= Raw data =
········
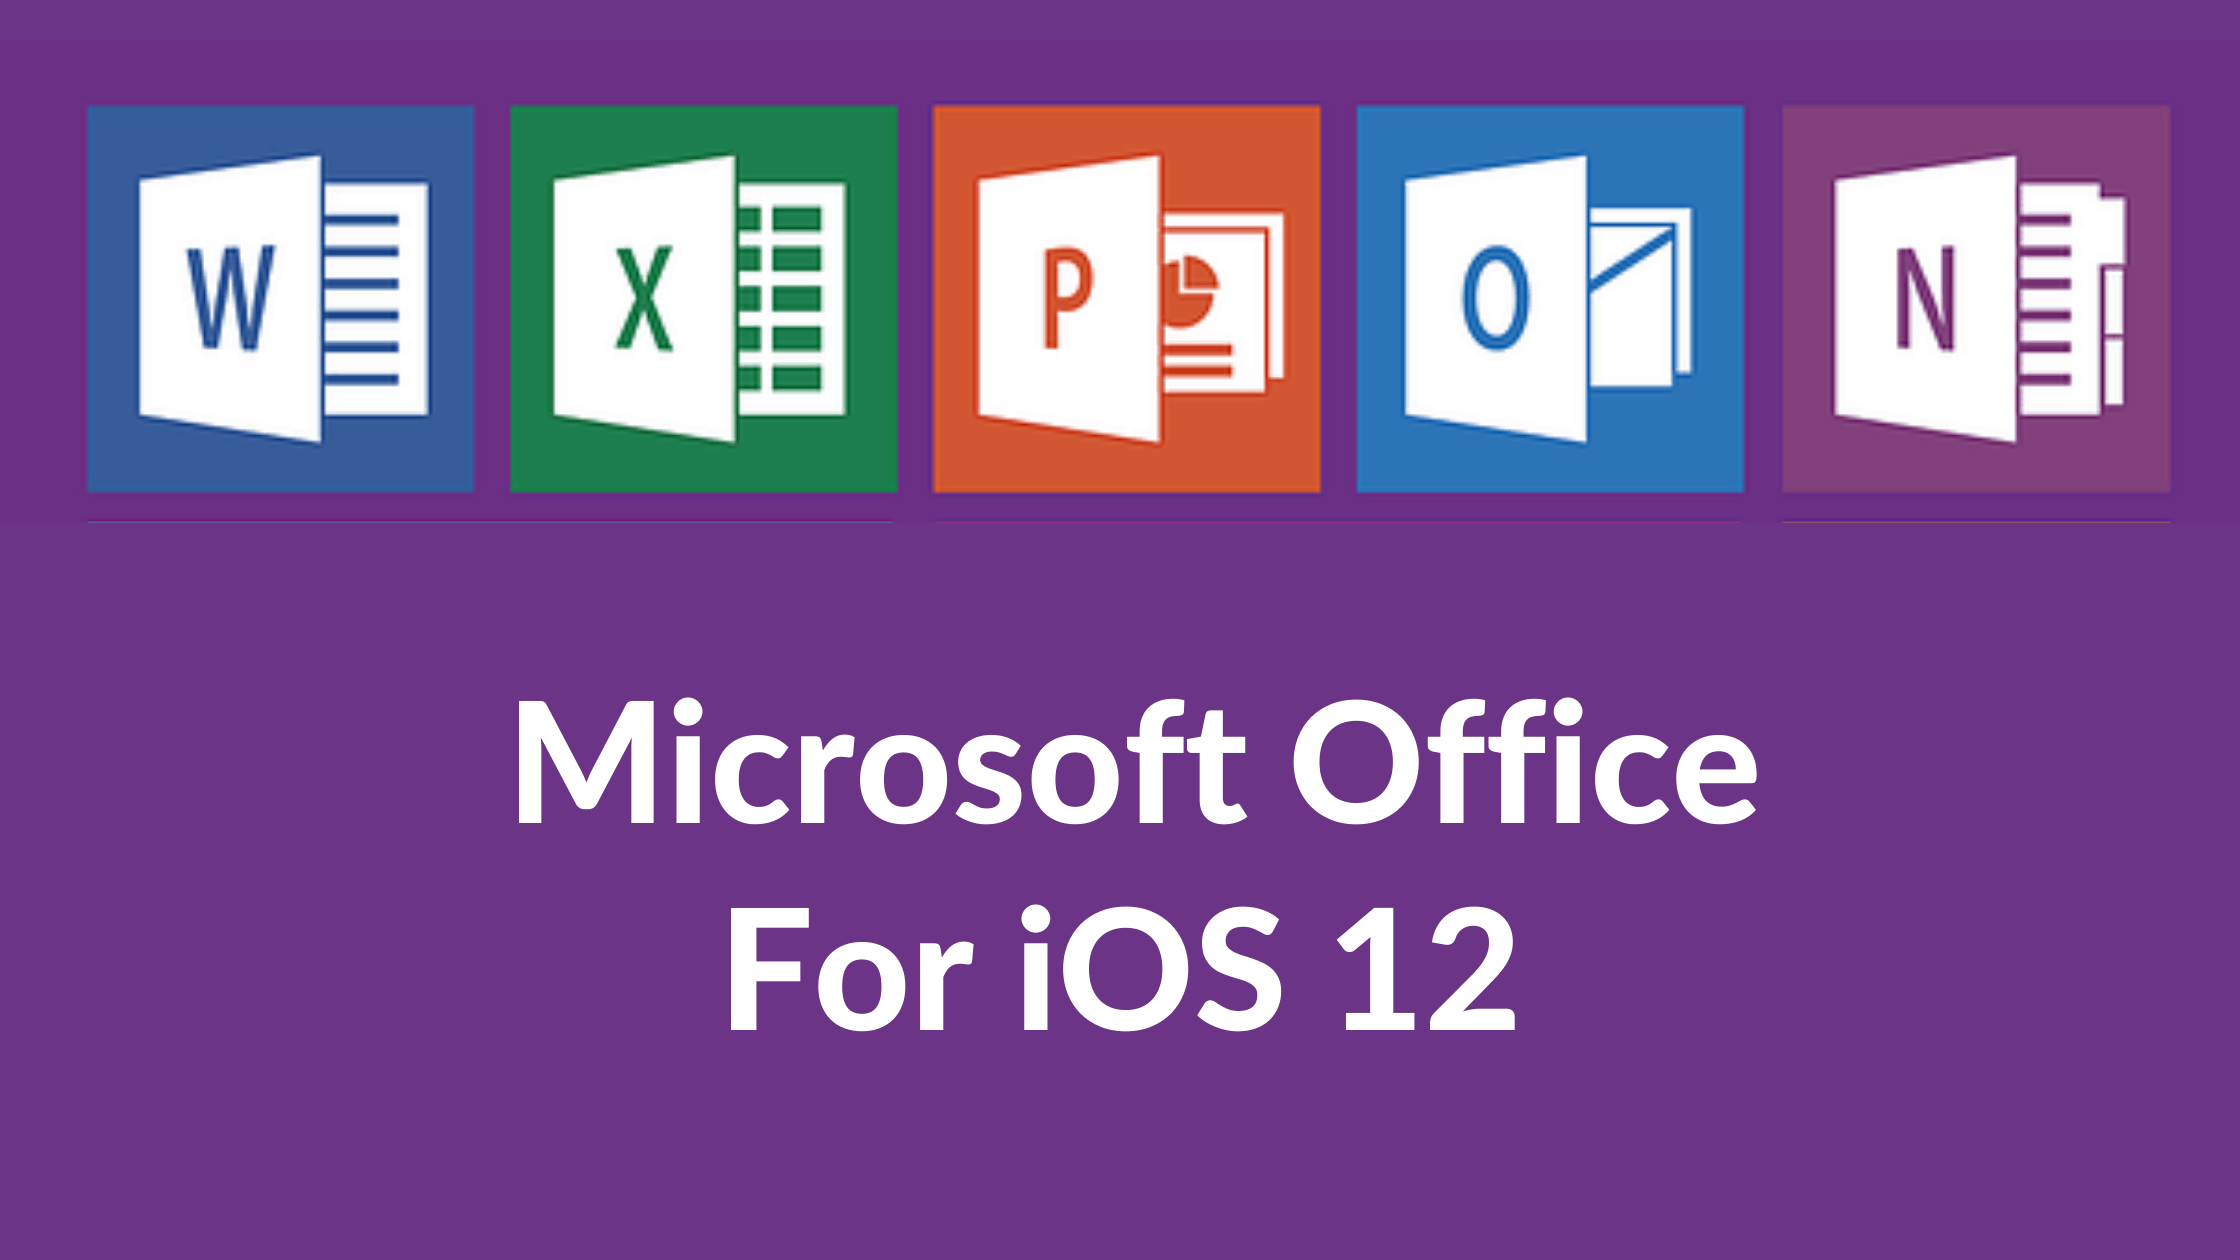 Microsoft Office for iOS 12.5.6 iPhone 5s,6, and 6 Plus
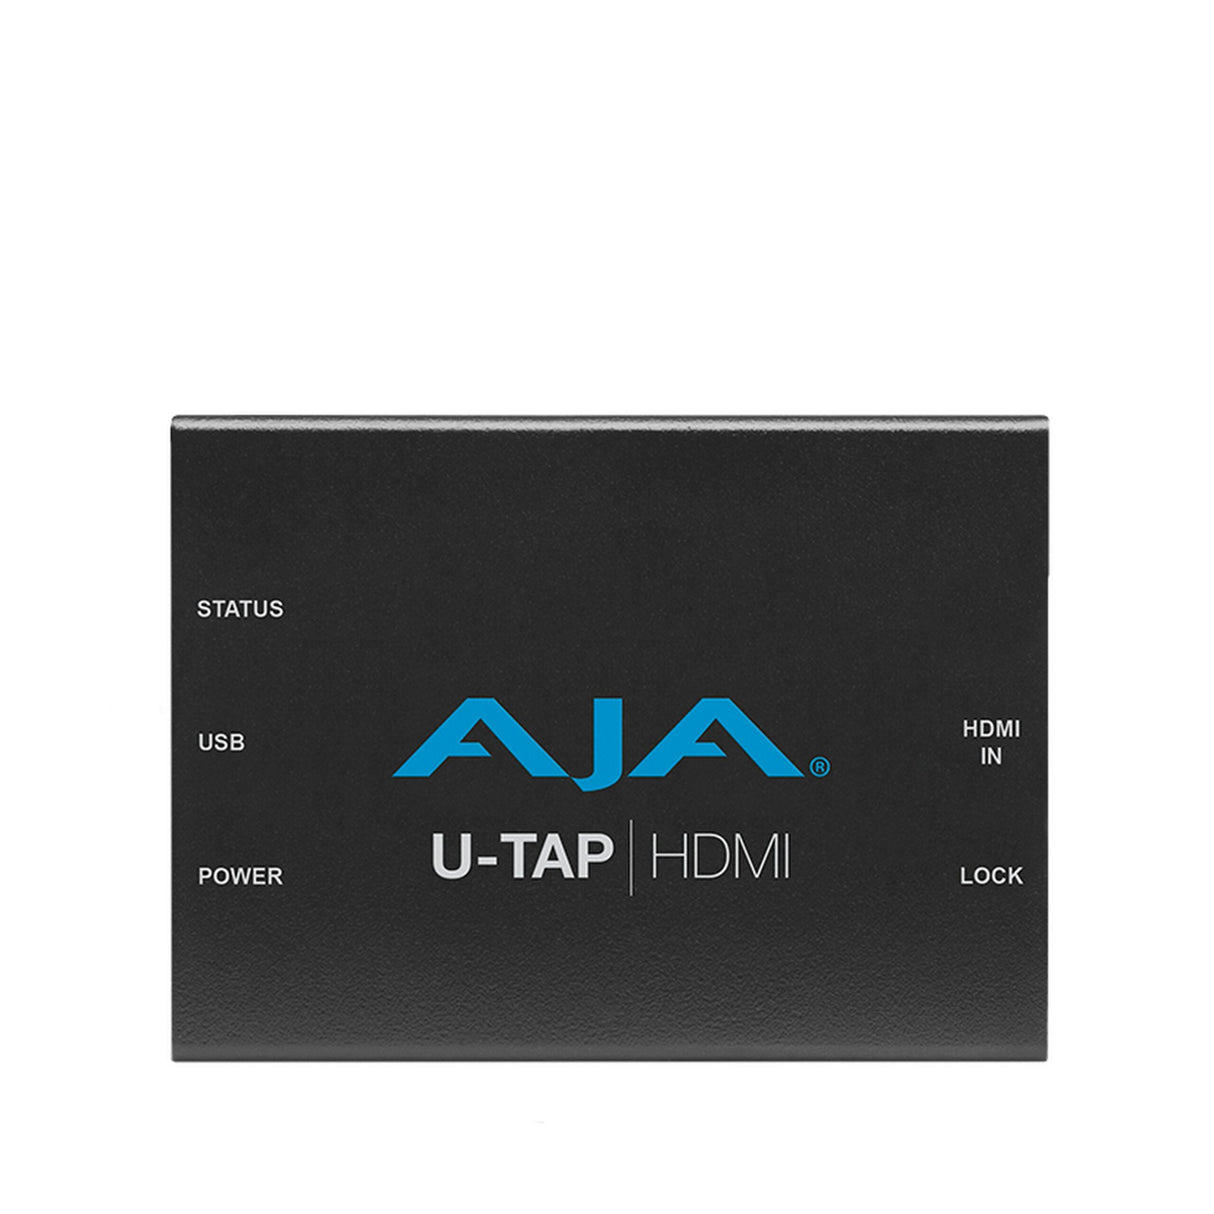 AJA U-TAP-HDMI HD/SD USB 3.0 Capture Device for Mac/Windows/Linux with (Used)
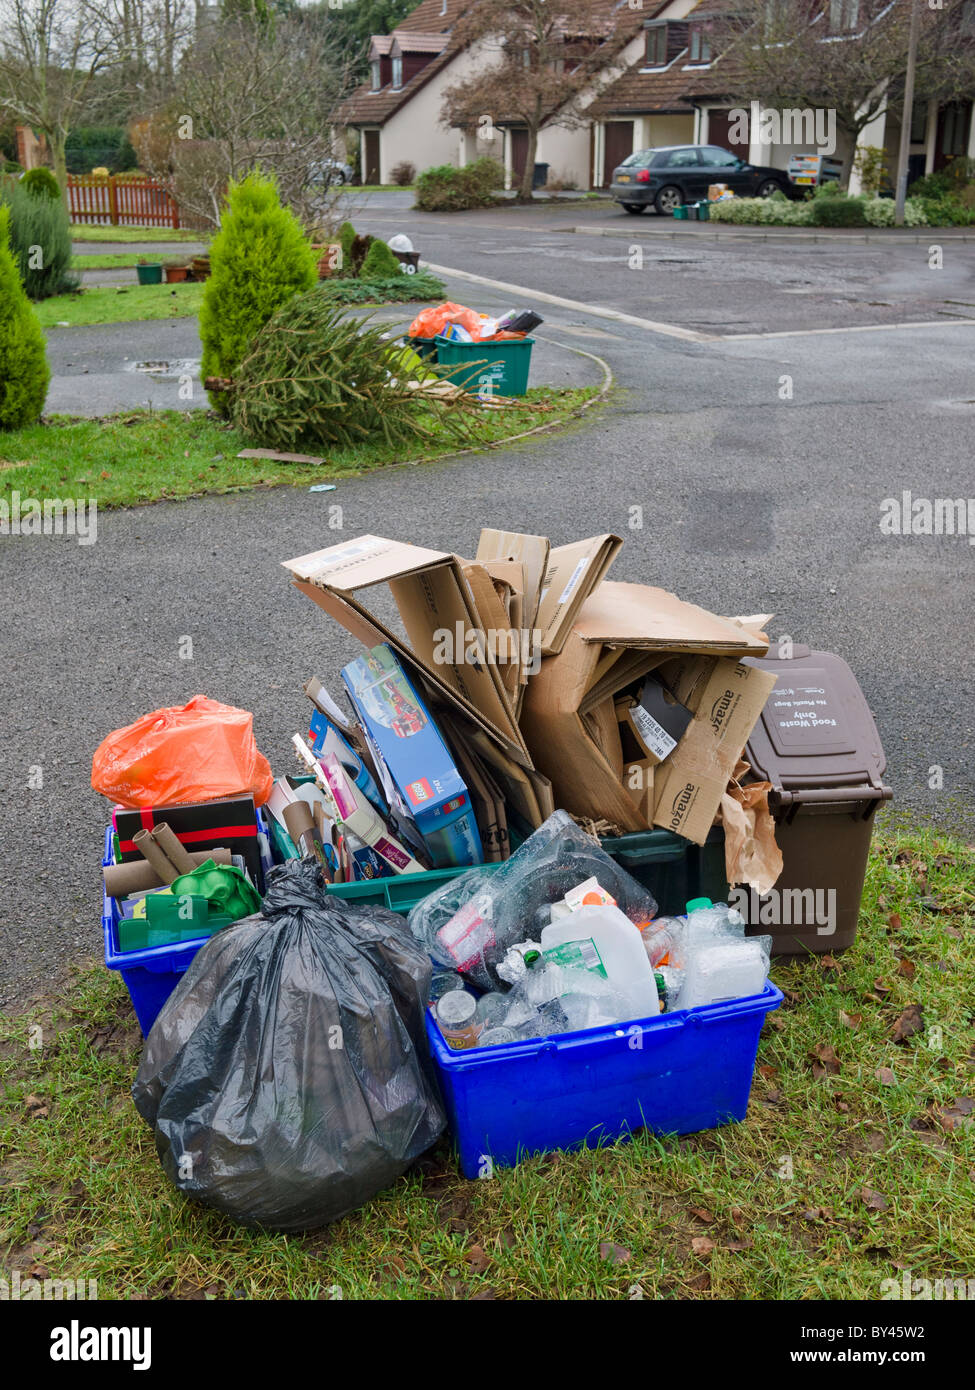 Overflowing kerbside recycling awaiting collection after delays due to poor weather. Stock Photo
········
= Work request =
Skip the pictures. Return exactly the lines from the one containing "AJA U-TAP-HDMI HD/SD" through the end of the data above, both included, and nothing besides.

= Problem solution =
 AJA U-TAP-HDMI HD/SD USB 3.0 Capture Device for Mac/Windows/Linux with (Used)
 Overflowing kerbside recycling awaiting collection after delays due to poor weather. Stock Photo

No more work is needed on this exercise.